Home State: Tennessee

Command Billet: Commanding Regiment

Branch of Service: Infantry

Unit: 17th Mississippi Infantry

Before Sharpsburg

Born in Tennessee,

Fiser and his family relocated to Panola County, Mississippi about the time of the Mexican War [1847-8]. Mr. Fiser died in Panola before September of 1852 ... young John then moved in with his uncle, a prominent citizen of Mississippi. At age 15 he began clerking at a country store on the banks of the Tallahatchie River. He left his home in Panola about three years after his father's death and relocated at Memphis. While in this city, he was engaged in the cotton and Mercantile business.
(from Willoughby)
In April 1861 he returned to Mississippi and helped recruit the Regiment which became the 17th Mississippi Infantry, Winfield S. Featherston, Colonel. He was elected First Lieutenant, Company H ("Panola Vindicators"). He was appointed Regimental Adjutant just before the first battle of Manassas (June 1861), and Brigade Adjutant immediately after. In the Army reorganization of April 1862 he was elected Lieutenant Colonel of the 17th.
At Malvern Hill, 1 July 1862, about six in the evening, they made a desperate charge upon the Federal line, under a terrible fire of shell, grape, canister and Minie balls, but without success. Colonel Holder was wounded and Lieutenant-Colonel Fiser took command.
(from Rowland)

On the Campaign

He commanded the regiment in Maryland.

The rest of the War

He was severely wounded, losing an arm, in the assault on Fort Sanders, at Knoxville, TN, on 29 November 1863. By March 1865, he was a full Colonel, and in command of a Brigade of Georgia troops in action against Federal General Sherman in the Carolina Campaign.

After the War

He was in business in Memphis,TN after the War, being President of the Office Security Building and Loan Association at the time of his death of dysentery there in 1876 at 38 years of age. He had been elected President of the Confederate Historical and Relief Association in 1871.

References & notes

His service basics from Rowland.1 Personal details from a biographical sketch published in the Memphis (TN) Daily Appeal of 15 June 1876 and General John C. Fiser, a biographical sketch by Earl Willoughby, originally posted online by Natalie Huntley at the Dyer County TNGenWeb [now gone]; Mr. Willoughby also kindly provided the photograph seen above. His gravesite is on Findagrave.
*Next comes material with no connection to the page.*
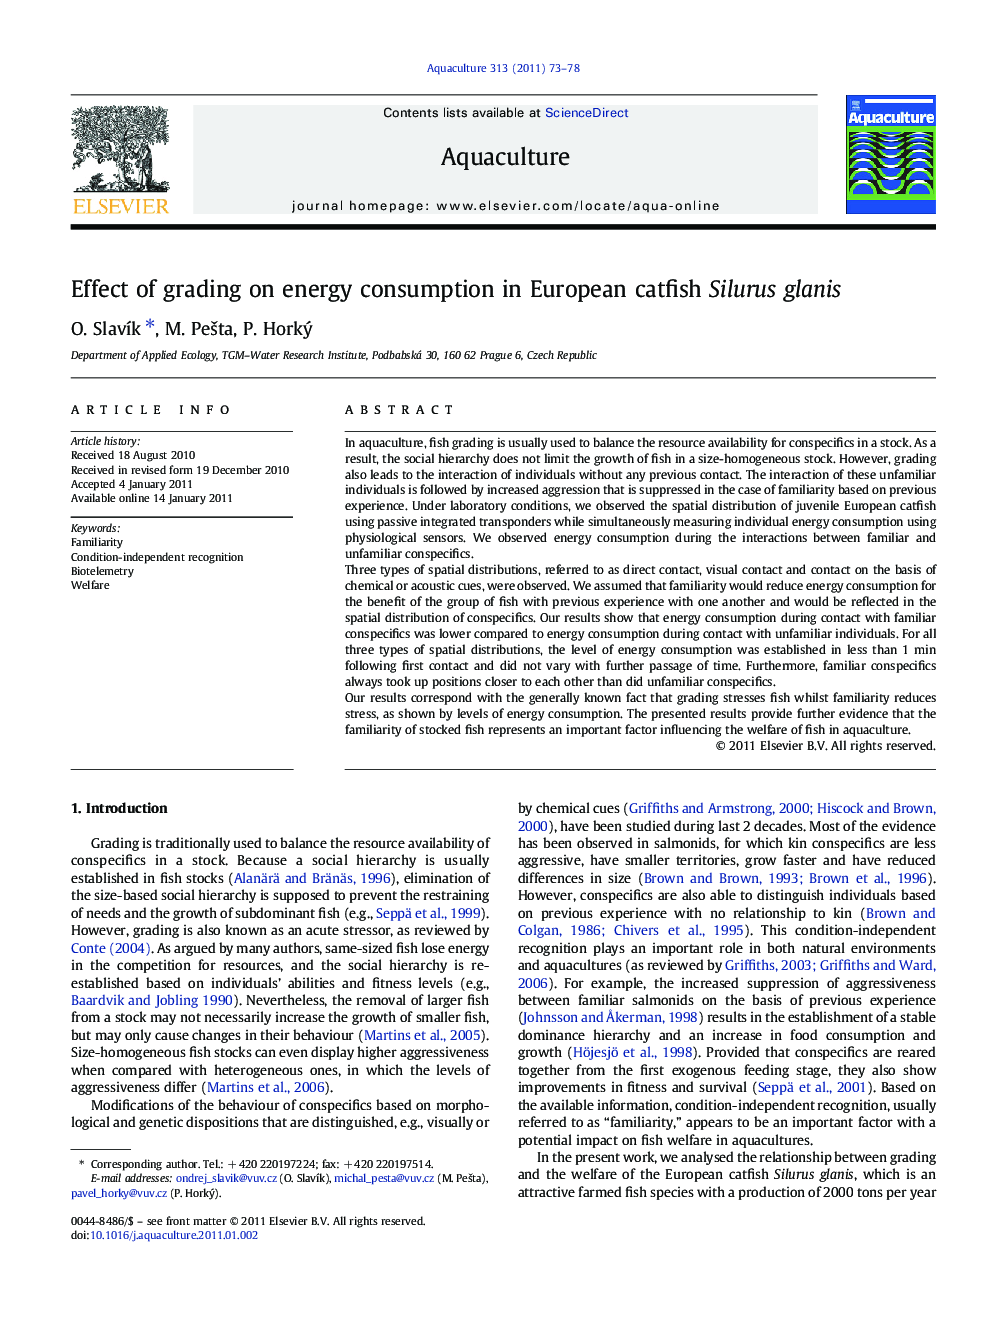 Effect of grading on energy consumption in European catfish Silurus glanis

He married Minerva Hays Dunn (1848-1911) in Tennessee in November 1866 and they had 3 daughters.

He changed his name from Fiser to Fizer in 1866, shortly after his marriage; his name is listed as John C Fizer in some Civil War literature.

Birth

5/4/1838; Dyersburg, TN

Death

06/14/1876; Memphis, TN; burial in Chapel Hill section, Elmwood Cemetery, Memphis, TN

Notes

1   Rowland, Dunbar, Military History of Mississippi 1803-1898, The Official and Statistical Register of the State of Mississippi, 1908, Nashville: Press of the Brandon Printing Company, 1908  [AotW citation 29552]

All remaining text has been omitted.